Detailed insight into a new generation
UK Research and Innovation Board member, Lord David Willetts, said:
As a member of UK Research and Innovation’s Board, I am delighted that the Economic and Social Research Council has made this important investment.
UKRI already funds a world-leading portfolio of longitudinal studies in the social and medical sciences. Developing a new birth cohort study will make this portfolio even more valuable to understanding the challenges faced by children born in this decade, not least assessing the impact of the pandemic on their prospects.
ESRC Interim Executive Chair, Professor Alison Park, said:
The last group of children to be included in a UK-wide birth cohort study are the participants in the Millennium Cohort Study born in 2000-2. This is now a generation ago.
This creates a pressing need for data collection on the next generation: those born in the 2020s. Indeed, new research agendas and political and social issues – such as climate change, mental health issues, air quality, and the effects of the pandemic – heighten this need.
The Early Life Cohort Feasibility Study announced today will be a relatively small-scale study, both in duration and cost. But it will be a critically important step to establishing the design of a full early life cohort study.
Co-director of the study and director of the Centre for Longitudinal Studies, Professor Alissa Goodman, said:
This feasibility study will provide vital information about babies being born across the UK, at a critical time for our society and economy, providing new evidence on the factors that affect development in the first year of life.
We’ll use a range of approaches and technologies to gather the experiences of participants from all walks of life, including those from typically under-represented groups.
The data we collect will not only give us detailed insight into the lives of a new generation but, we hope, will pave the way for a full new birth cohort study in time.
We are looking forward to playing our part in strengthening the UK’s reputation as world leaders in running birth cohort studies.
Developments in birth cohort studies
Since the 1940s, the UK has developed a world-leading series of birth cohort studies. UKRI’s portfolio includes studies that have followed the lives of large cohorts of people born roughly a generation apart, in 1946, 1958, 1970, 1989-90 and 1990-1, and 2000-2.
These studies collect data that provides a valuable research resource for scientists, practitioners, and policymakers from across the world and continue to enable world-leading research with considerable scientific and practical impact.
In another example of the benefits of birth cohort studies, researchers have shown that summer-born children are disadvantaged by the school admissions system.
Researchers have also used birth cohort studies to reveal the lasting impacts of childhood obesity, which may persist into later life.
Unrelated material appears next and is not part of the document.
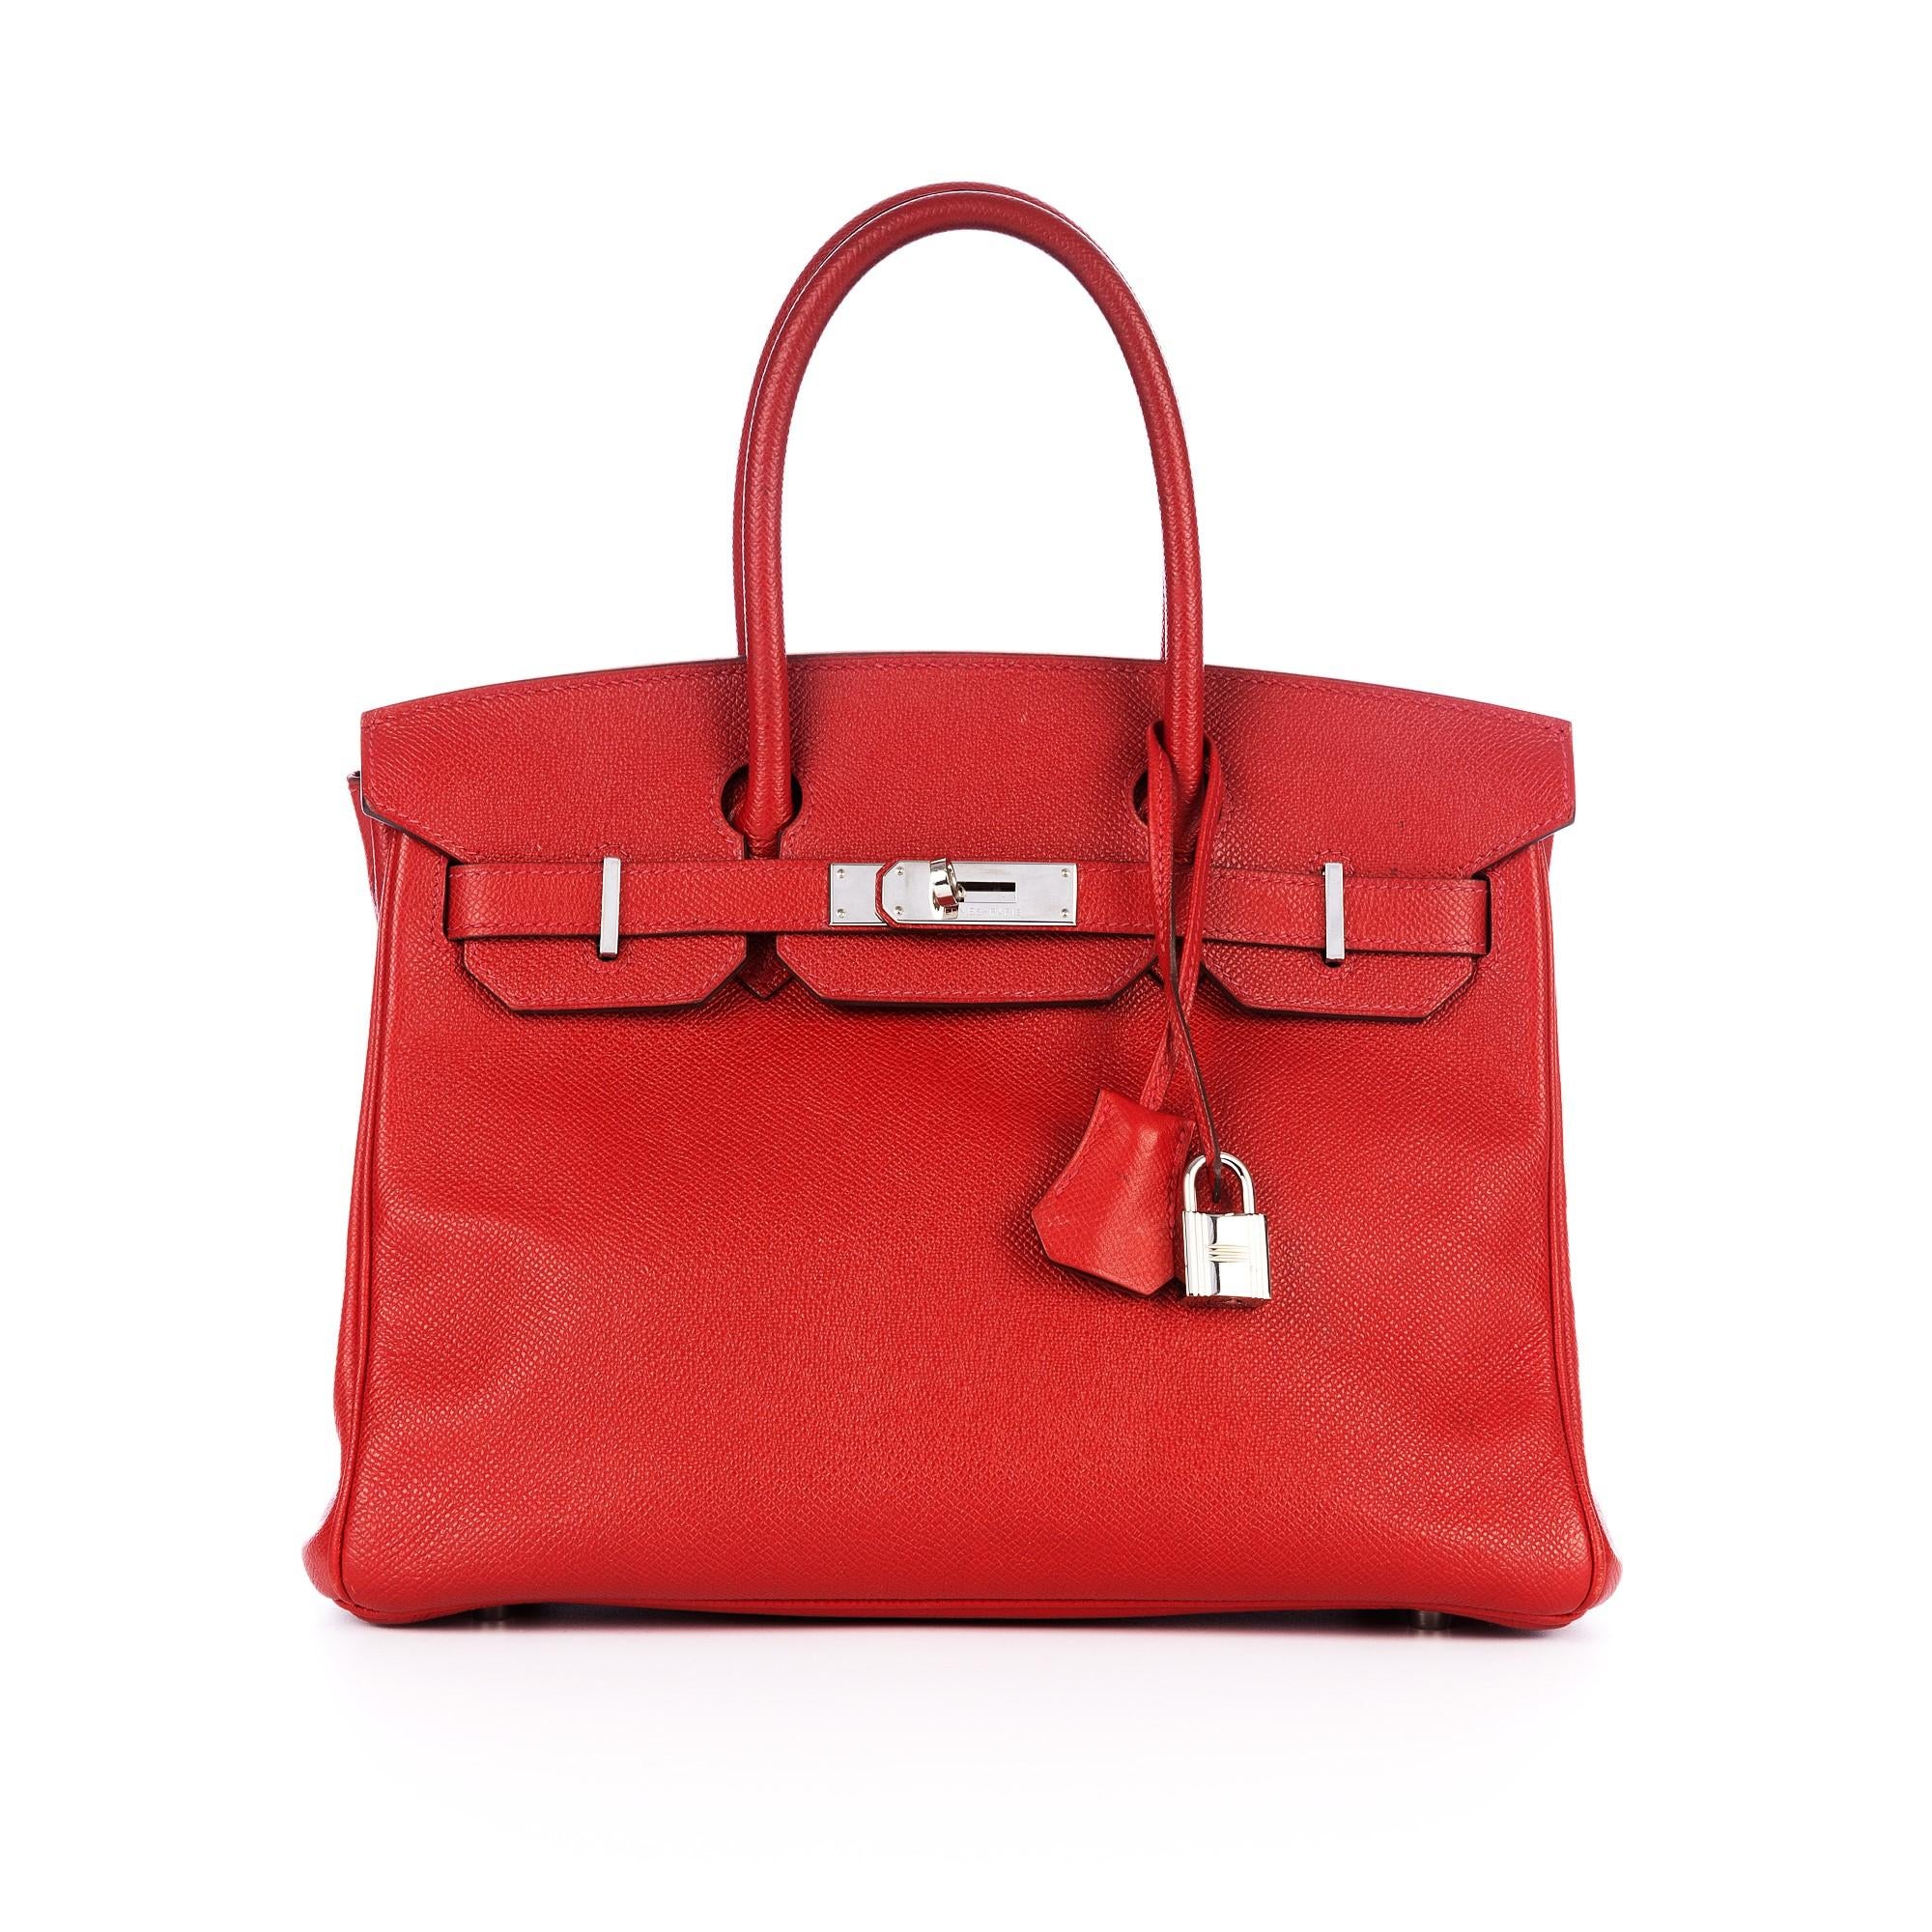 Hermès 2014 pre-owned Birkin 35 handbag - Blue

Significant developments in digital technology over the last two decades provide new opportunities for data collection in a new early life cohort study. Data could be collected via smartphones, participants could be videoed during interviews, and datasets can be linked. The Feasibility Study will test these and other approaches.
Participants in the study
Parents of babies will be selected from across the UK to be invited to participate in the study, ensuring it is inclusive and representative of children being born.
ESRC’s commissioning of the study was guided by an independent public dialogue exercise led by the University of Warwick. Further public engagement will occur as part of the feasibility study.
The study is expected to run from 2021 until 2023.